There is a lot to absorb and digest. In today’s issue, I restrict myself to the analysis of the military and strategic aspects of the week’s events, focused on what happened—not what should have or what will happen next.
What’s going on?
Here are the headline events:
The terror attack: The Pakistan-based terrorist group Jaish-e-Mohammed (JeM) claimed responsibility for the 14th February attack that struck a convoy of India’s Central Reserve Police Force (CRPF) personnel in South Kashmir’s Pulwama district and killed 40 paramilitary jawans.

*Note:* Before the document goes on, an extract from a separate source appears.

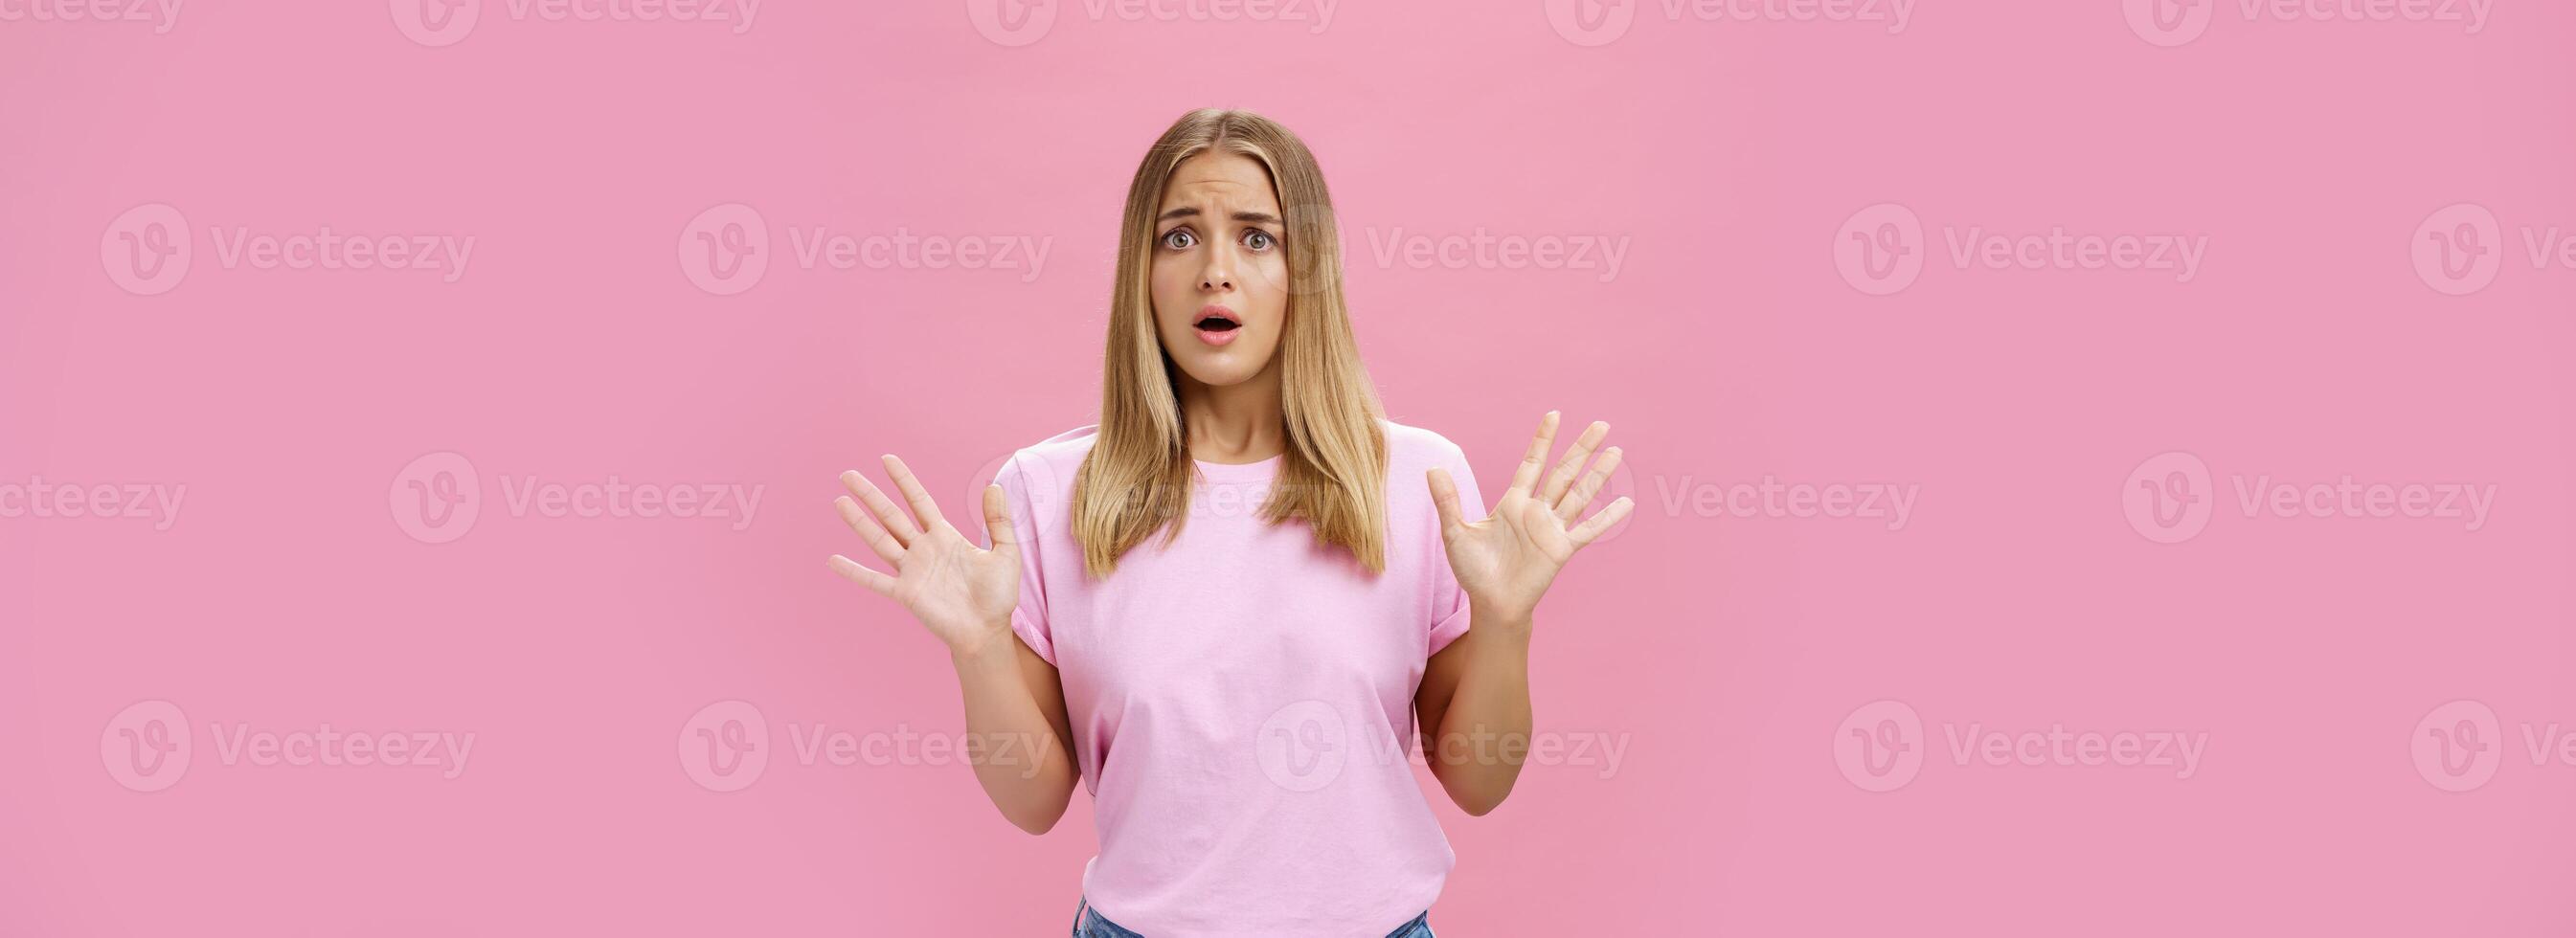 vrouw op zoek nerveus uitleggen met in paniek raken gebaren ze niet betrokken fronsen opening mond en hijgen gevoel bezorgd en bezorgd golvend handen over- borst poseren tegen roze muur foto

India retaliated: On Tuesday, Indian Air Force reportedly struck on a terror training camp in Balakot, Khyber Pakhtunkhwa, in Pakistan. For the first time since 1971, Indian warplanes crossed the international border to conduct air strikes within the Pakistan territory. The impact of India’s strike is fiercely disputed.
In an official statement following the strike, India’s Foreign Secretary Vijay Gokhale referred to the action as a “non-military pre-emptive strike”, meaning it was a defensive act, and a strike on terrorism, not Pakistan.
The phrase indicates the action was based on an assessment of an imminent threat, and had ensured that Pakistan’s military personnel and infrastructure were not targeted, and civilian casualties were actively avoided. In effect, New Delhi’s line is that the operation was an intelligence-driven counter-terror strike rather than escalatory military aggression. (The Hindu)
Pakistan responds: On Wednesday, Pakistani jets crossed the Line of Control (LoC), dropped “an unspecified number of bombs on unspecified targets, and retreated”.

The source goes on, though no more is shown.